Alberta is far too easily perceived as being culturally
monolithic, especially as concerns language use, but there is in
fact considerable linguistic diversity to the province, not the
least of which is French. The first Europeans to make contact
with the aboriginal peoples of this region were the French
explorers and voyageurs, as noted by historian Donald Smith who
tells us that to the Blackfoot, the French were the "real" white
men. This is probably due to the presence of the La Vérendrye
clan, who during the 18th century, while searching for a passage
to the Western Sea, were also involved in the fur trade for
France. In this way they built forts in the upper Missouri basin
and in present-day Manitoba and Saskatchewan, pushing back the
frontiers of New France west of the Great Lakes and across the
Prairies, but are not known to have seen the Rocky Mountains of
Alberta.

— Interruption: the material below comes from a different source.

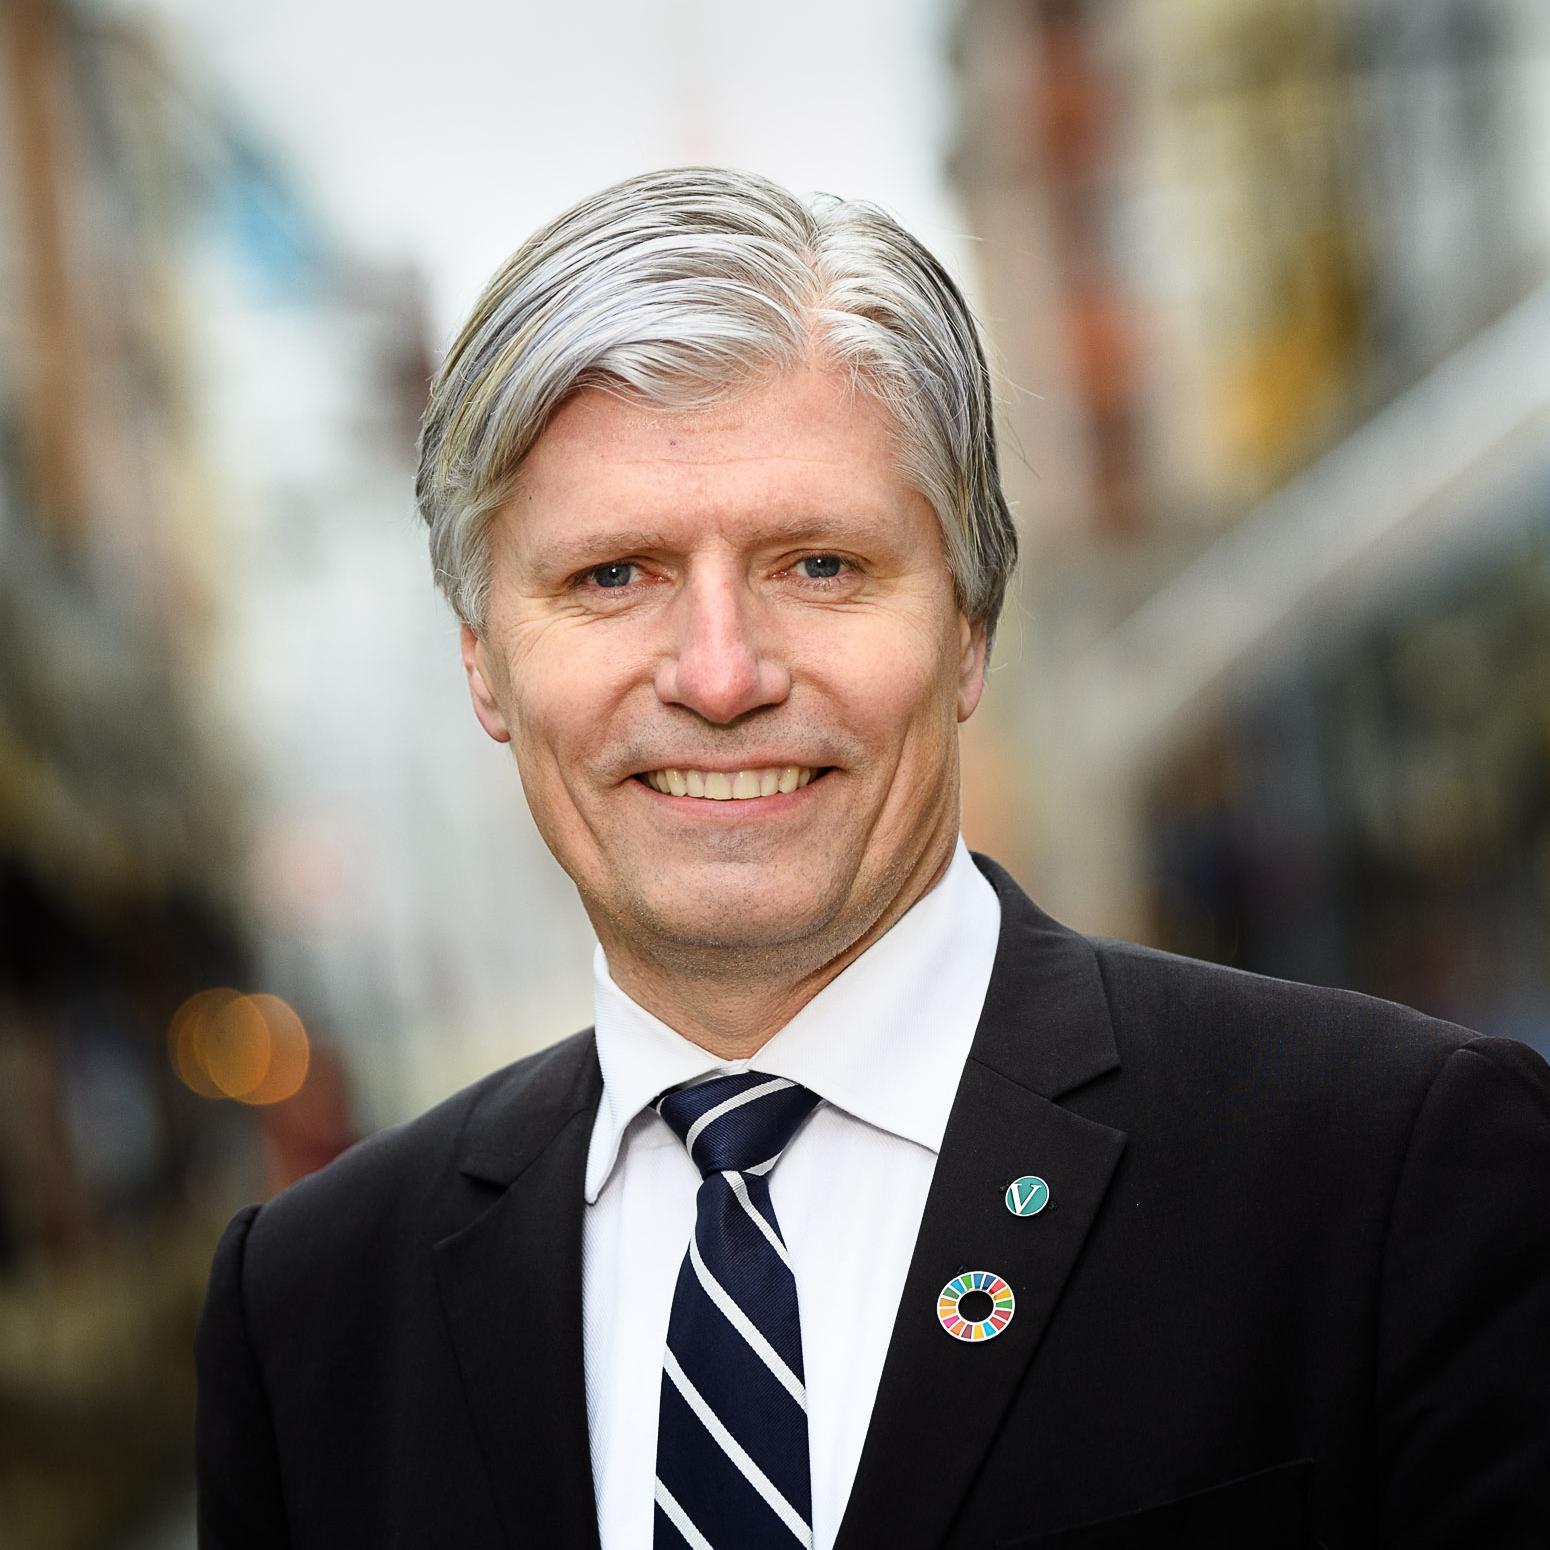 Ola Elvestuen, klima- og miljøminister i samtale med Ole Mathismoen:  Verden møtes straks til nytt klimatoppmøte. Har lederne skjønt alvoret?
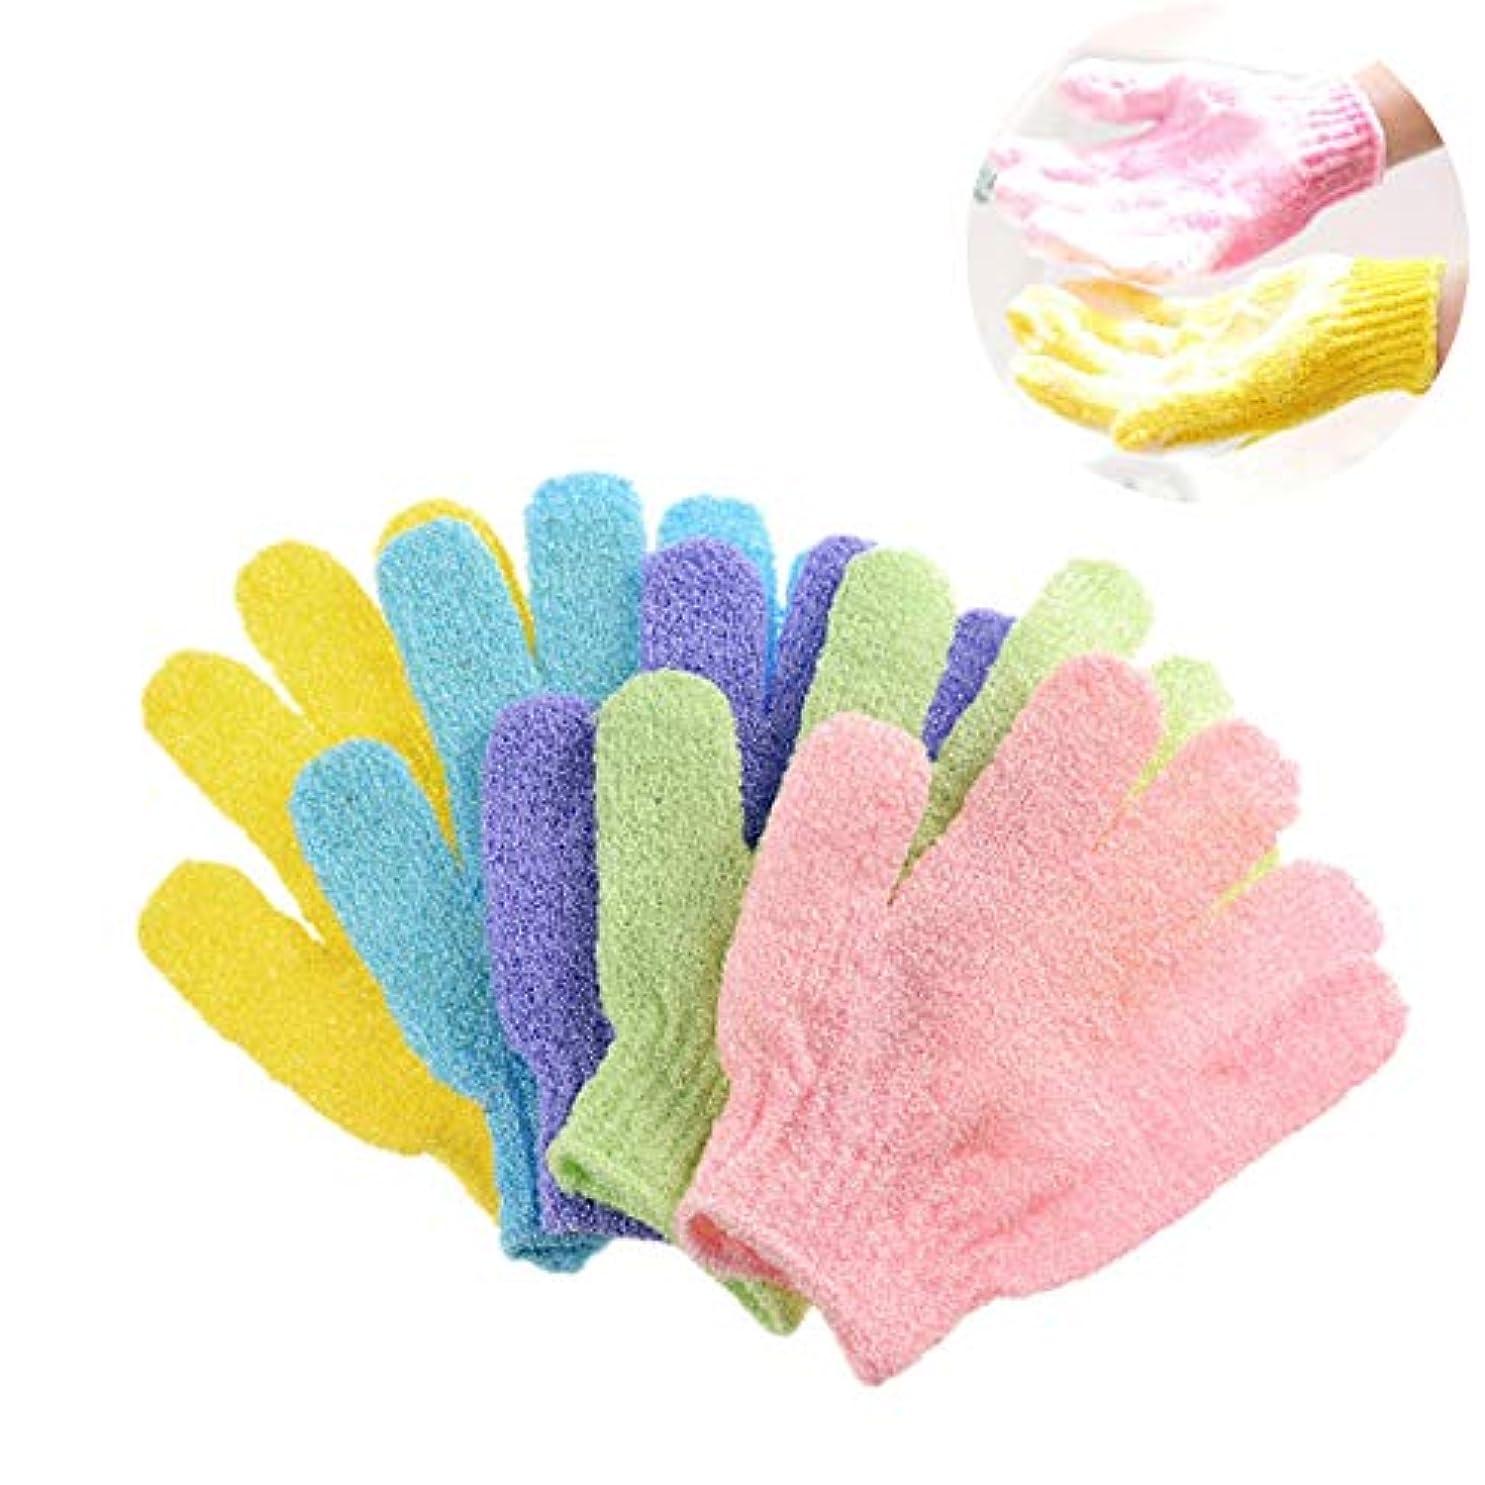 分析的過ちズボンKingsie 浴用手袋 10枚セット(5ペア) ボディウォッシュ手袋 お風呂手袋 角質除去 角質取り 泡立ち 垢すり グローブ

The Blackfoot may only have known of the presence of
the French through hearsay and the inevitable trickling effect
of fur trade goods.
However, the La Vérendrye clan established the French fur
trade in what is today the Canadian West, even though it was
briefly interrupted by the Conquest of New France in 1760. Fur
traders from Montreal pushed on, and annually hired men from the
Saint Lawrence valley to man their canoes. Towards the end of
the 19th century, opportunities for settlers brought a few
French-Canadians to the West. Recruitment abroad, in the United
States and in Europe, brought other Francophones to take
homesteads.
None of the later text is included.